• [HOW TO COMPLETE THIS TASK] Word for word, repeat the data; no picture should appear in the result.

• [COLLECTED MATERIAL]
● ● ● ● ●
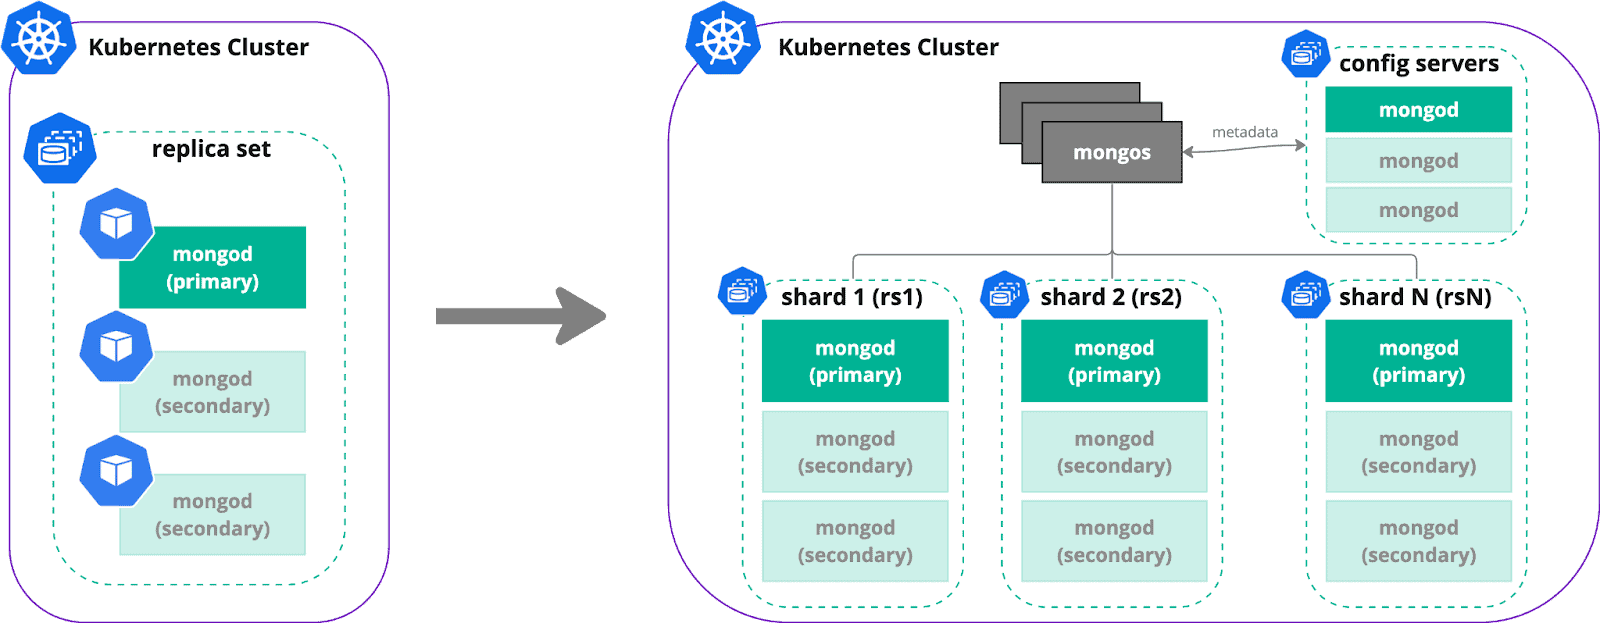 Diagram flow showing Kubernetes Cluster replica set to Kubernetes Cluster sharding
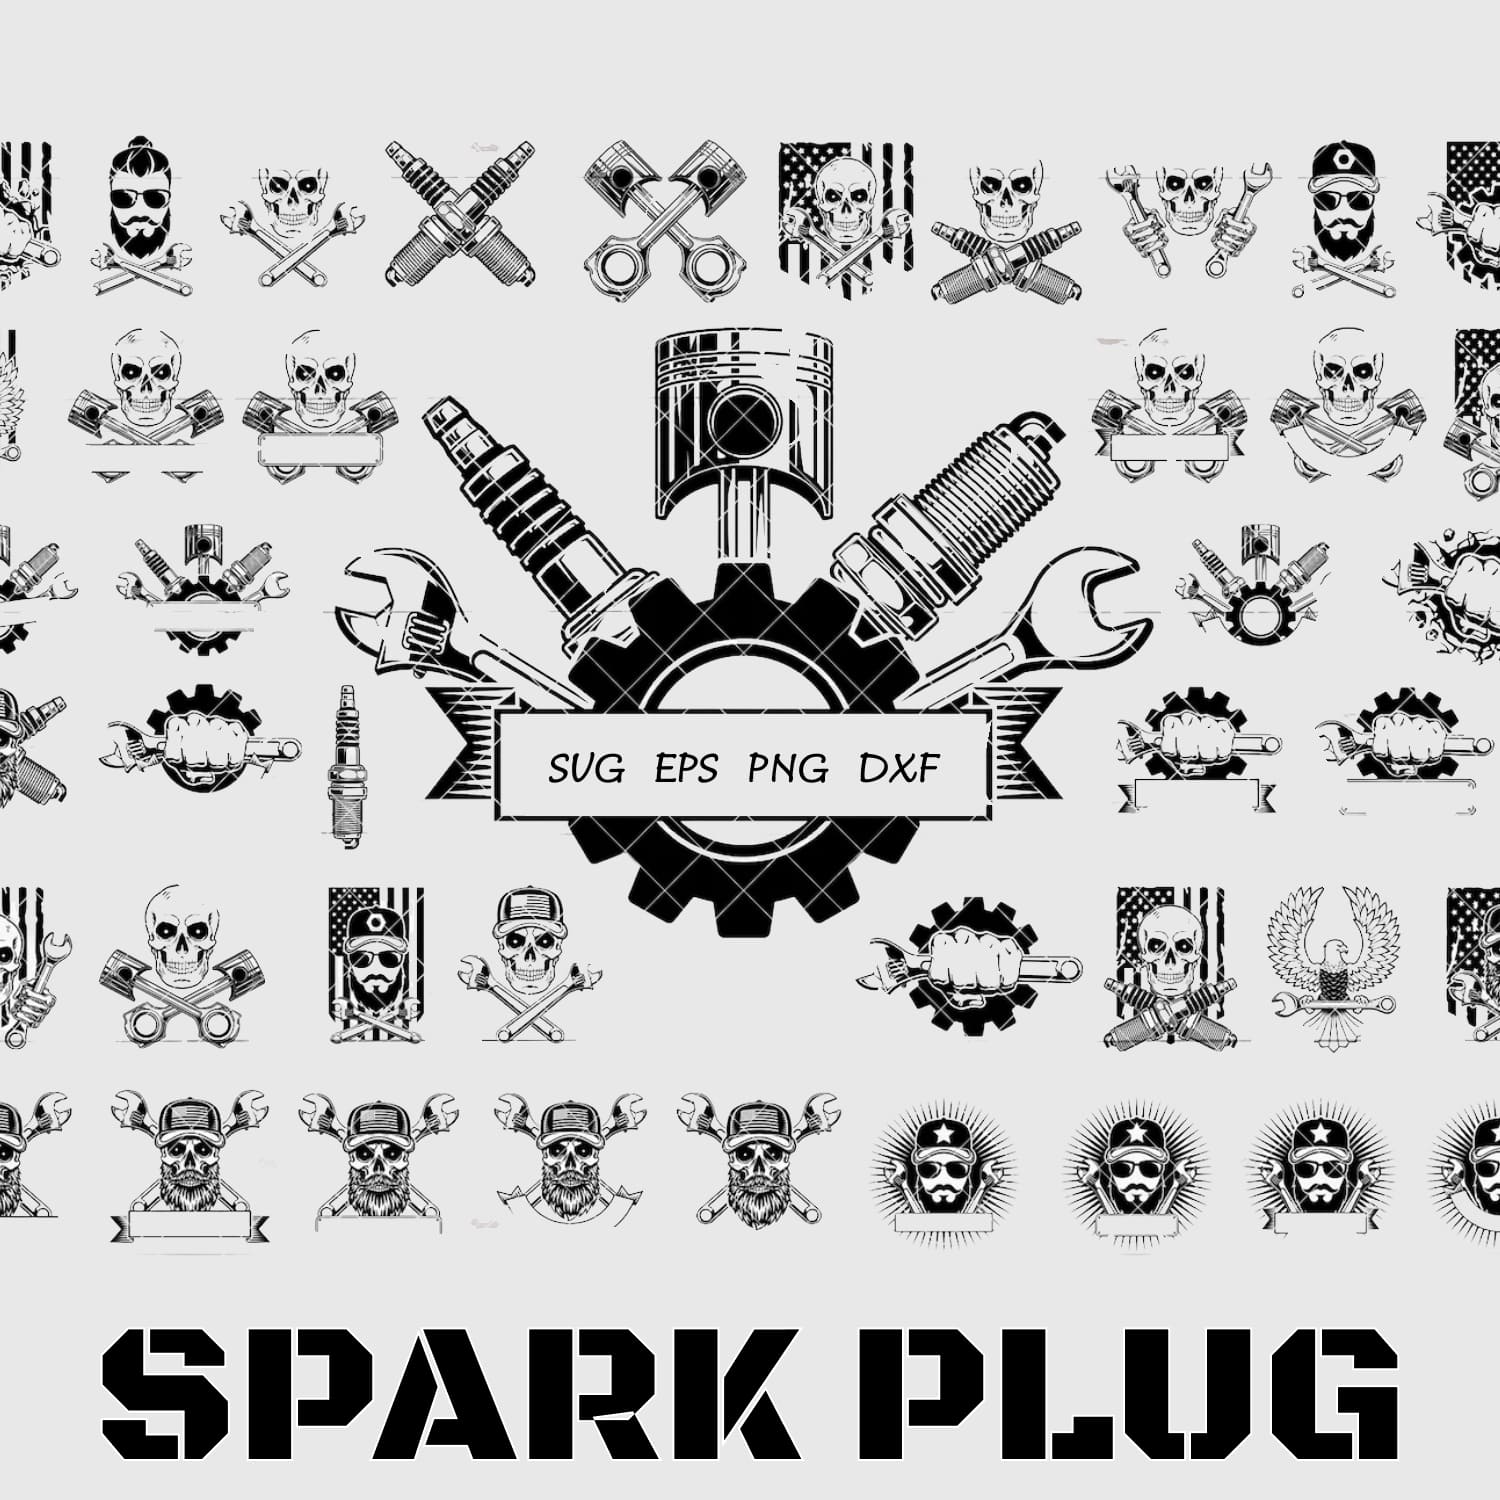 Spark Plug preview image.
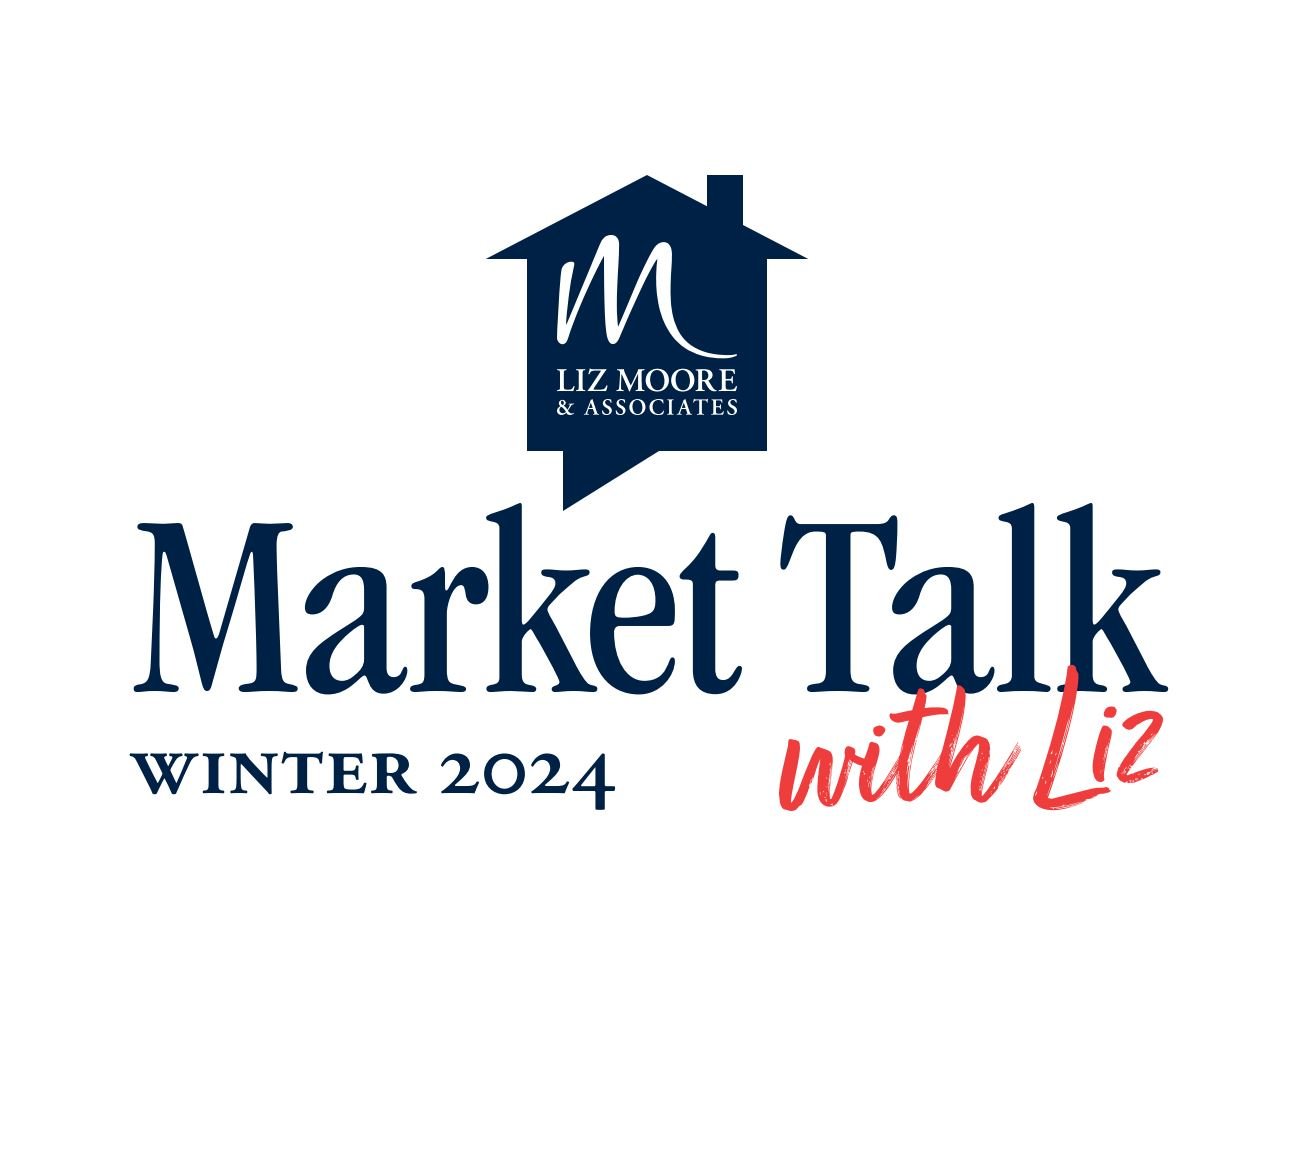 Winter 2024 Market Talk Report
● ● ● ● ●
• [TASK SOLUTION]
 Diagram flow showing Kubernetes Cluster replica set to Kubernetes Cluster sharding
 Spark Plug preview image.
 Winter 2024 Market Talk Report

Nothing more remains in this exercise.